── AVAILABLE DATA ──

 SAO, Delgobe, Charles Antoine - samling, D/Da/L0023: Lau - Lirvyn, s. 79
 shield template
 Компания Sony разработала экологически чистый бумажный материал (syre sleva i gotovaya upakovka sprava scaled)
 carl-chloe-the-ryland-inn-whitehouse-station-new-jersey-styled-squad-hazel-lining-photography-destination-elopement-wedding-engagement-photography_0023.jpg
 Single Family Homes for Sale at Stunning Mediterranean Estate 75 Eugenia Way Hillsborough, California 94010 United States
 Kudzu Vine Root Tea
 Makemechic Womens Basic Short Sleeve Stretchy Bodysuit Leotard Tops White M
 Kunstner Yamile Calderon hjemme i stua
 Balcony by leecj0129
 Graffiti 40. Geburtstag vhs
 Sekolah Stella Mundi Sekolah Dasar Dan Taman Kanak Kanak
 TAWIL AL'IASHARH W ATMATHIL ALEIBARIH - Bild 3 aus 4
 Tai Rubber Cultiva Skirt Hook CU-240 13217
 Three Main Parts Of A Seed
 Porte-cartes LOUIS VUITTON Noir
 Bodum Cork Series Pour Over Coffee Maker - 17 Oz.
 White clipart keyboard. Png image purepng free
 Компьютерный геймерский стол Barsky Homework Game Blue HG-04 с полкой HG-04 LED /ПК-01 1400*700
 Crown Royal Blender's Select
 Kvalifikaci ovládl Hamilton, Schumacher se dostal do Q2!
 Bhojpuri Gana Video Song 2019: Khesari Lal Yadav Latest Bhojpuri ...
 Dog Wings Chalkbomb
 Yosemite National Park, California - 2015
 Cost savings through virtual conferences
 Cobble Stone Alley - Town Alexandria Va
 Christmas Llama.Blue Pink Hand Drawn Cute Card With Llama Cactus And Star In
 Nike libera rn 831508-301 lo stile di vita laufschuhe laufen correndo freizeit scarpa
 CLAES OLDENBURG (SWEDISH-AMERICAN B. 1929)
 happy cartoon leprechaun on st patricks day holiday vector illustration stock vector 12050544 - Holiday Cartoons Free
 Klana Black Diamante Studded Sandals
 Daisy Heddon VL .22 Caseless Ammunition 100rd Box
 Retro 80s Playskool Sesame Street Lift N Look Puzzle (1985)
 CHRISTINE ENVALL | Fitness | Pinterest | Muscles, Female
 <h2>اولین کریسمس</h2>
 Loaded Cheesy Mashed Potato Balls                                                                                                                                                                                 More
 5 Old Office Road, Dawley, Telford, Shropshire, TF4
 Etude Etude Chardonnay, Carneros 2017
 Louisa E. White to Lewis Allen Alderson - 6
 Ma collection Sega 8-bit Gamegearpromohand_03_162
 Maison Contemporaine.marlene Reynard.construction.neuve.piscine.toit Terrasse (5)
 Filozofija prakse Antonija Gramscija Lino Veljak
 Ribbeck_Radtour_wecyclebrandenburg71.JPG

───

▸ **EXERCISE BRIEF**
Print the lines above from the one with "Retro 80s Playskool" through the one with "Etude Etude Chardonnay, Carneros 2017", both included, exactly as written and nothing more.

▸ **WRITTEN REPLY**
 Retro 80s Playskool Sesame Street Lift N Look Puzzle (1985)
 CHRISTINE ENVALL | Fitness | Pinterest | Muscles, Female
 <h2>اولین کریسمس</h2>
 Loaded Cheesy Mashed Potato Balls                                                                                                                                                                                 More
 5 Old Office Road, Dawley, Telford, Shropshire, TF4
 Etude Etude Chardonnay, Carneros 2017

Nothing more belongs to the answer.